• **RECORDED INFORMATION**
============

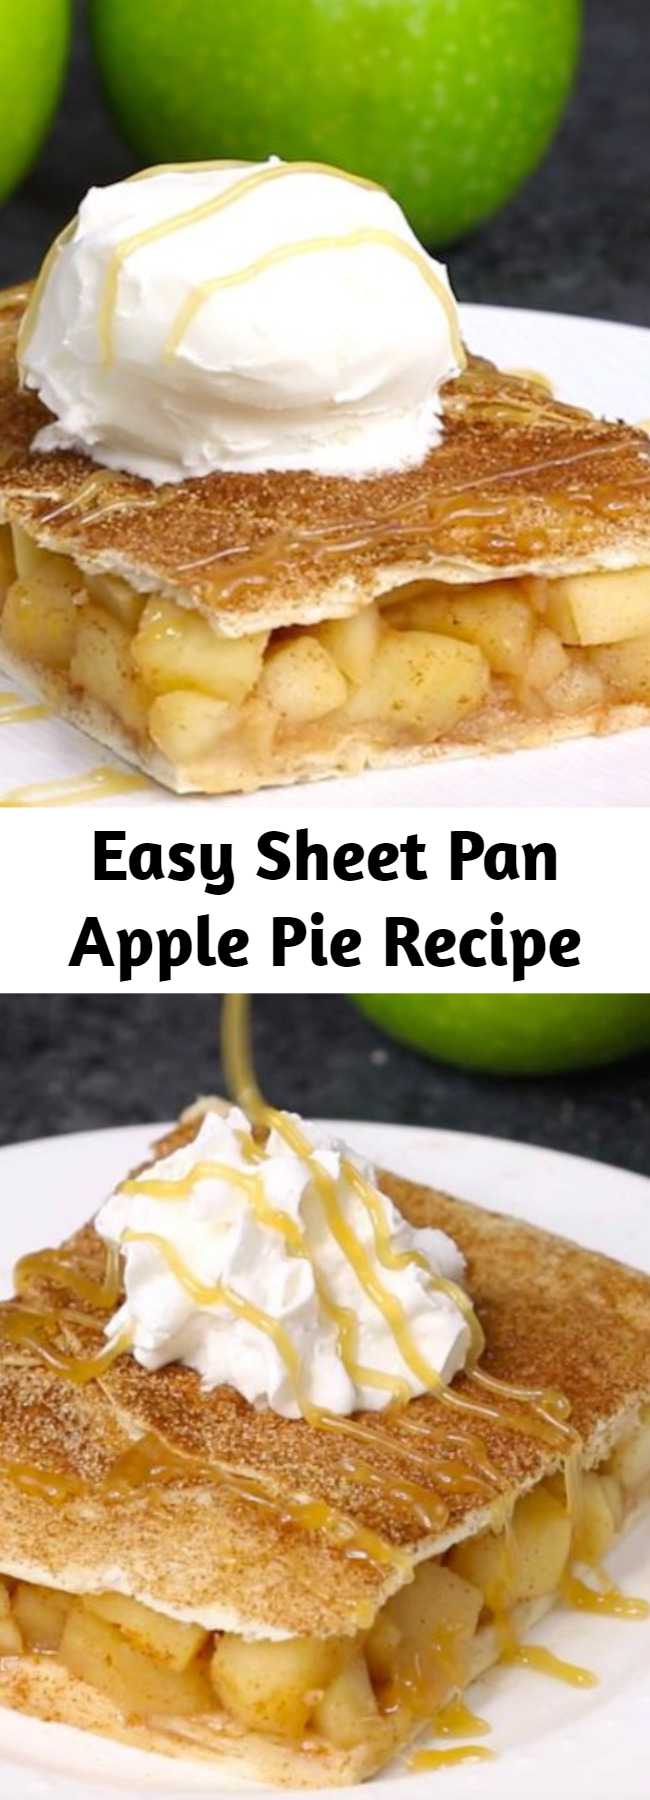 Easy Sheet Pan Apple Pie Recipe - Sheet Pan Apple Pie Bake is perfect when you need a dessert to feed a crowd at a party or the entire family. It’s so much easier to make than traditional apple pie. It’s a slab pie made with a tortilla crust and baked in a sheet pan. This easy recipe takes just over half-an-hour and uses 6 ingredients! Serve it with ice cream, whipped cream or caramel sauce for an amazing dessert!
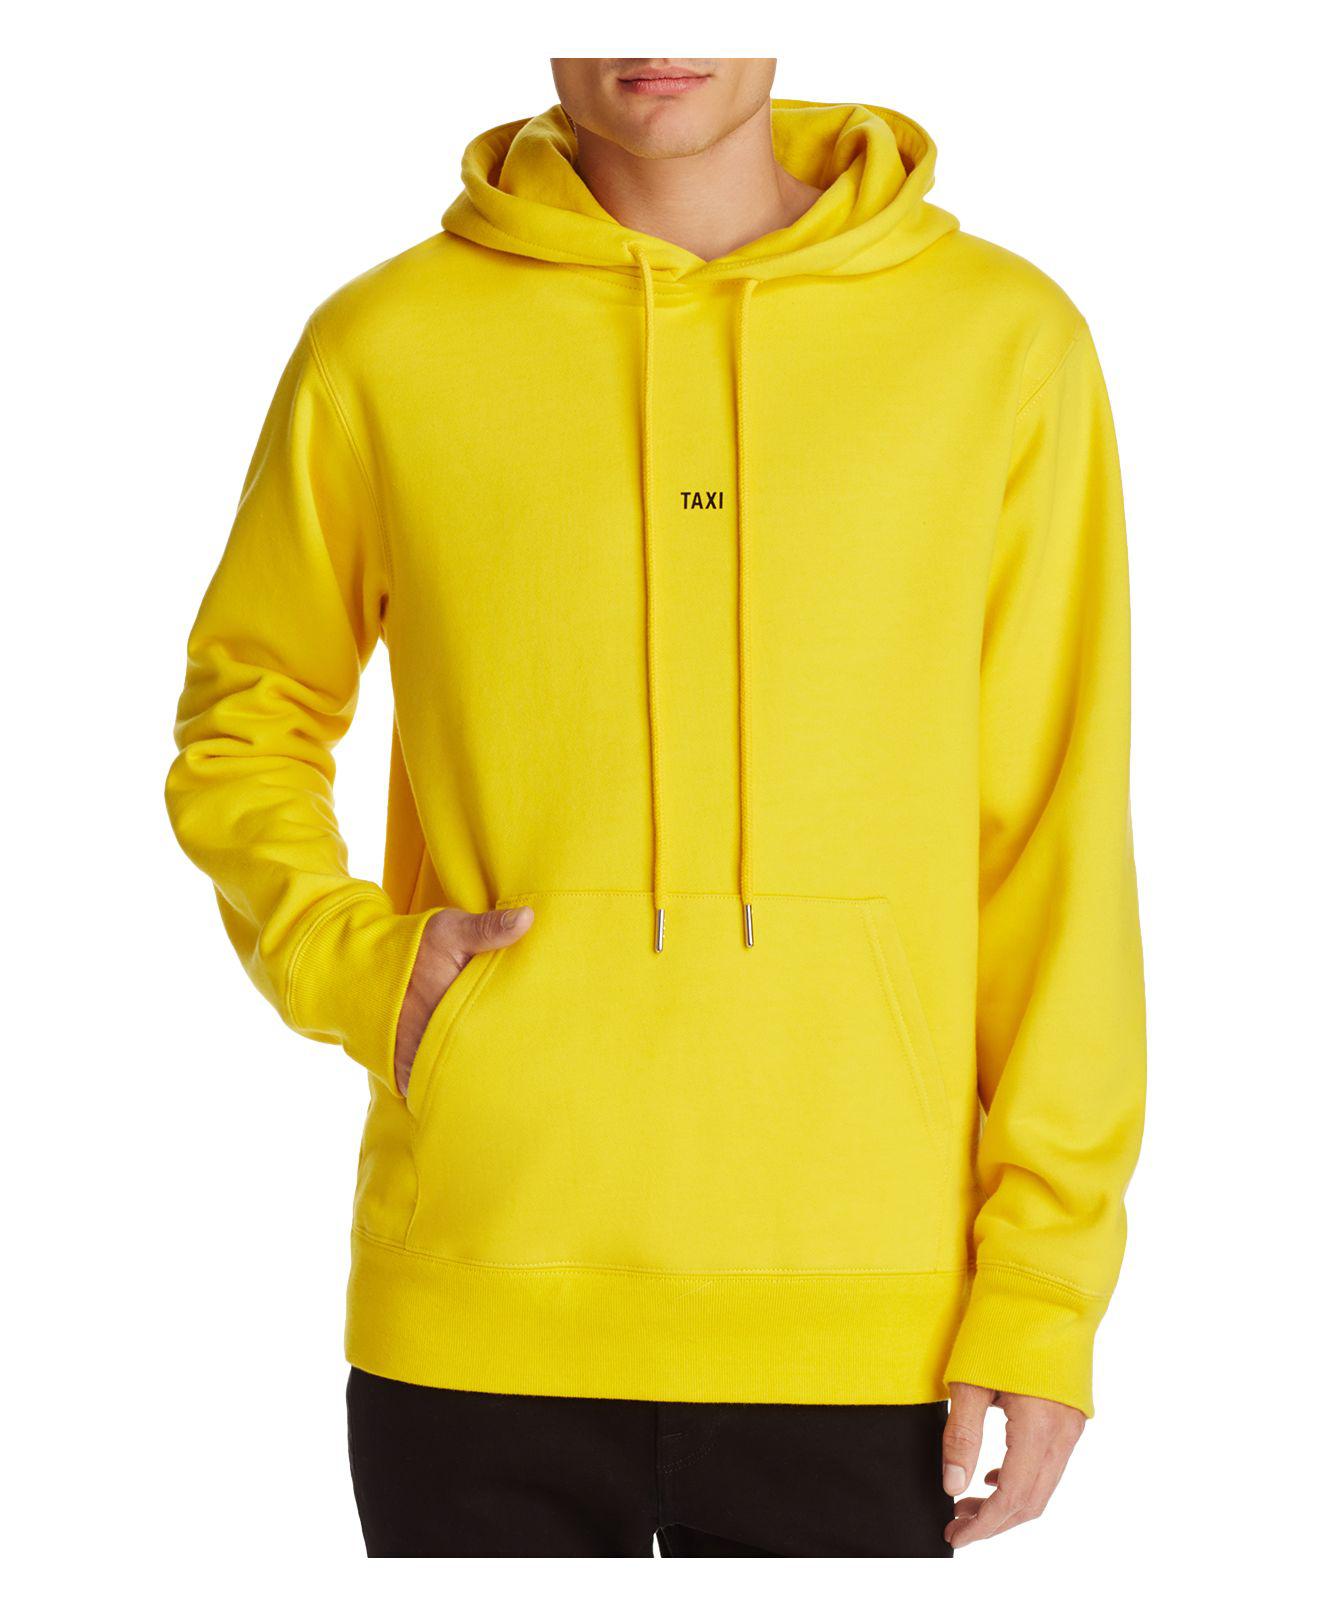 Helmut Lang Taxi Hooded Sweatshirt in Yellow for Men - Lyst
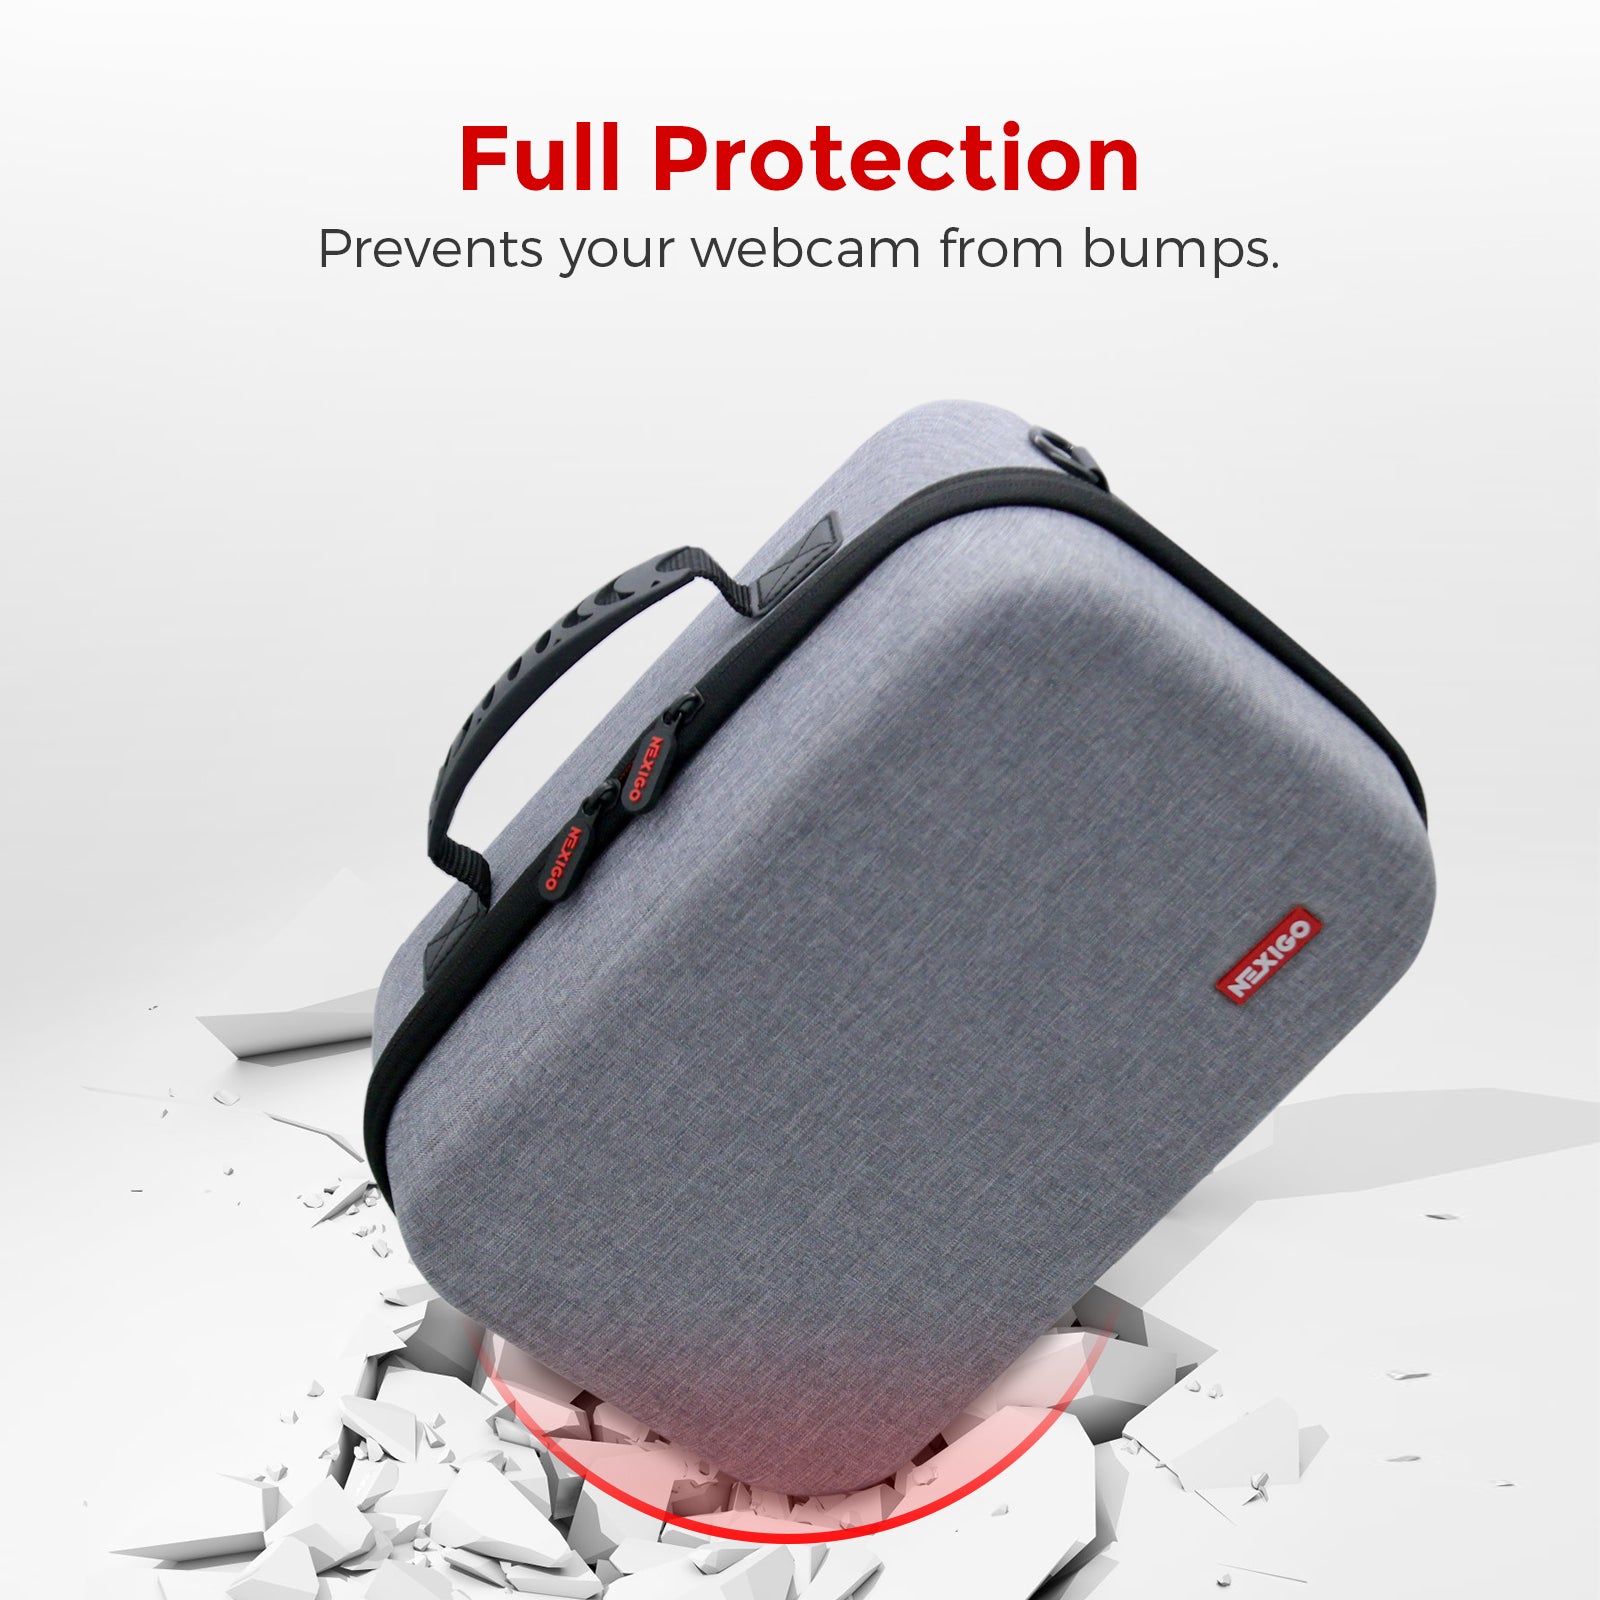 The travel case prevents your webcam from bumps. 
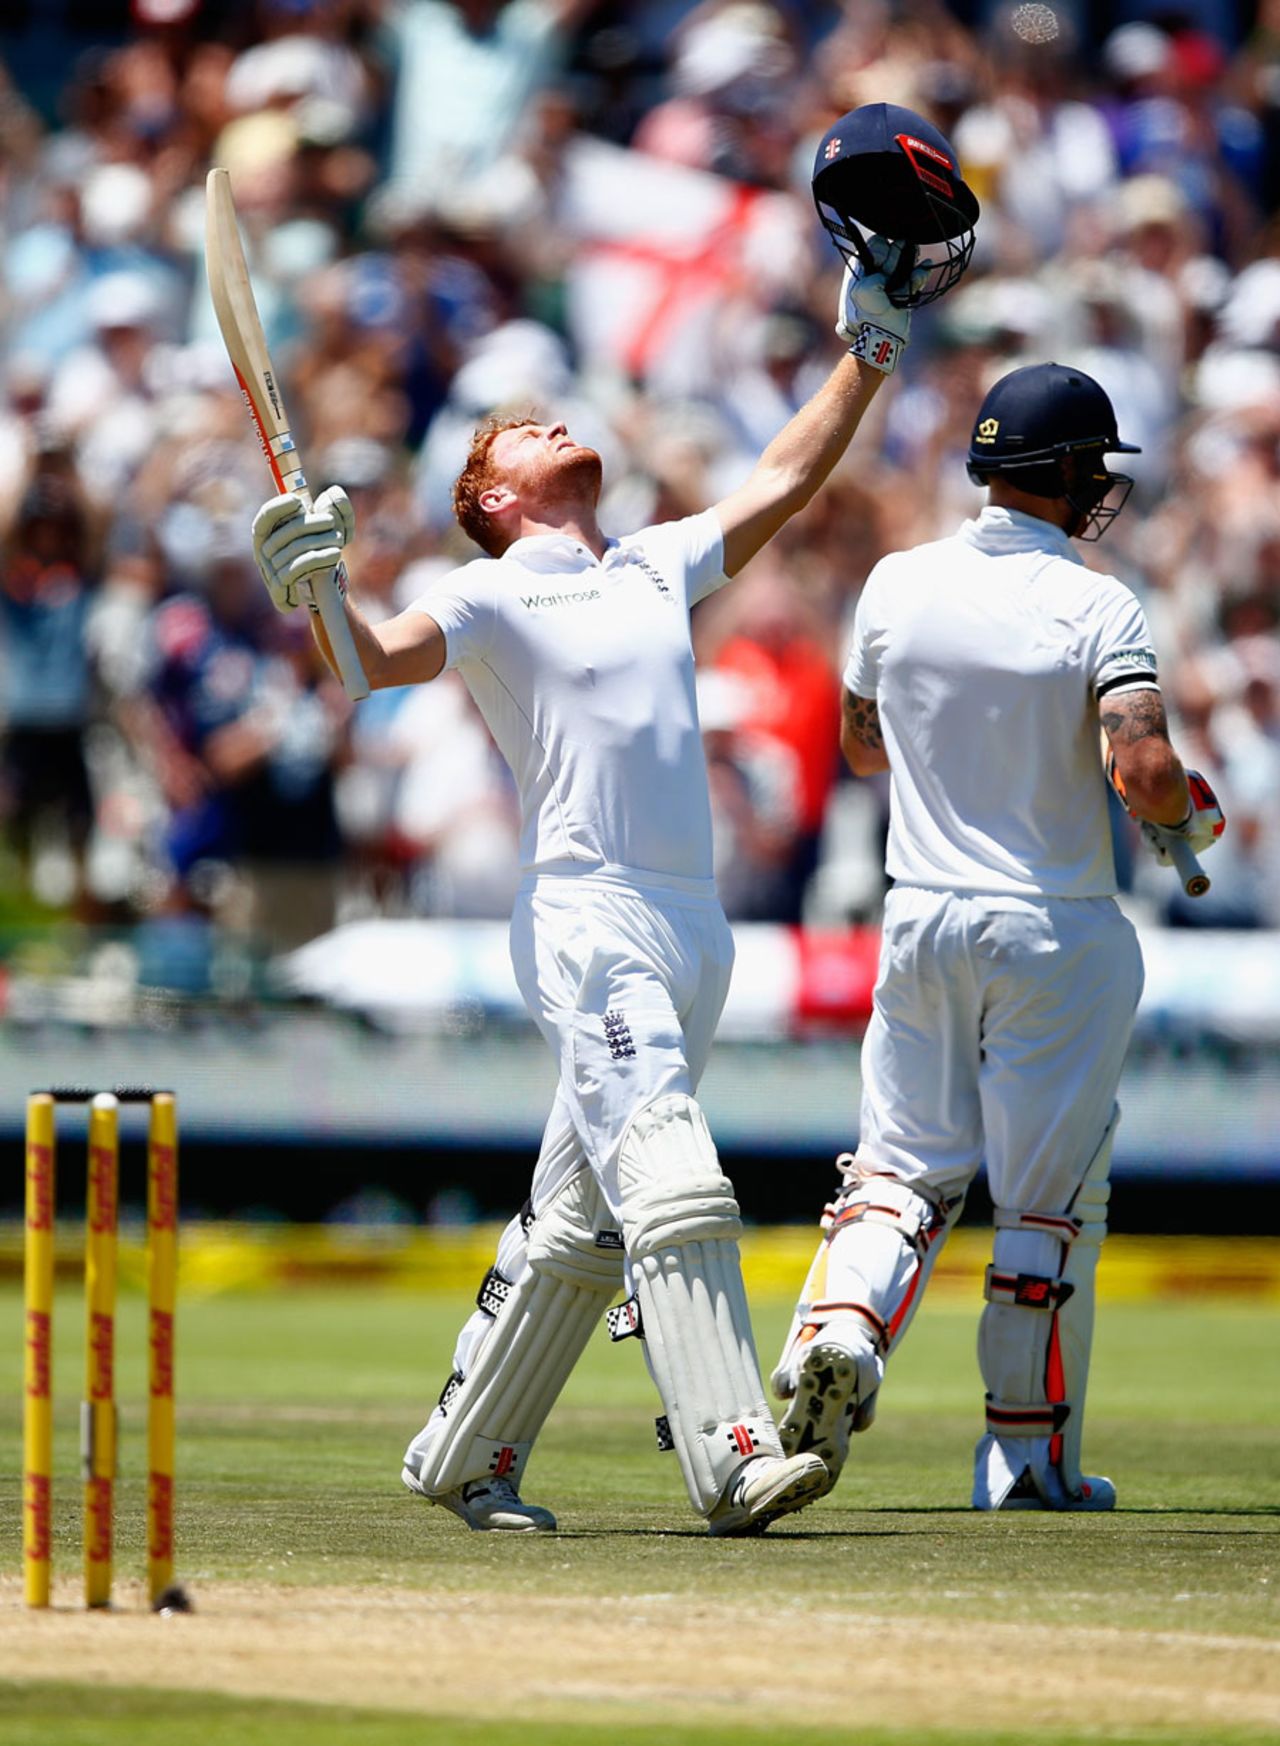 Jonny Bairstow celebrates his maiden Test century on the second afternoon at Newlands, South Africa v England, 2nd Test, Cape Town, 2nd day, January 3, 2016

============

• **WORK TO COMPLETE**
From the first line above through the line containing "The travel case", copy everything exactly, without the pictures.

• **RESPONSE**
 Easy Sheet Pan Apple Pie Recipe - Sheet Pan Apple Pie Bake is perfect when you need a dessert to feed a crowd at a party or the entire family. It’s so much easier to make than traditional apple pie. It’s a slab pie made with a tortilla crust and baked in a sheet pan. This easy recipe takes just over half-an-hour and uses 6 ingredients! Serve it with ice cream, whipped cream or caramel sauce for an amazing dessert!
 Helmut Lang Taxi Hooded Sweatshirt in Yellow for Men - Lyst
 The travel case prevents your webcam from bumps. 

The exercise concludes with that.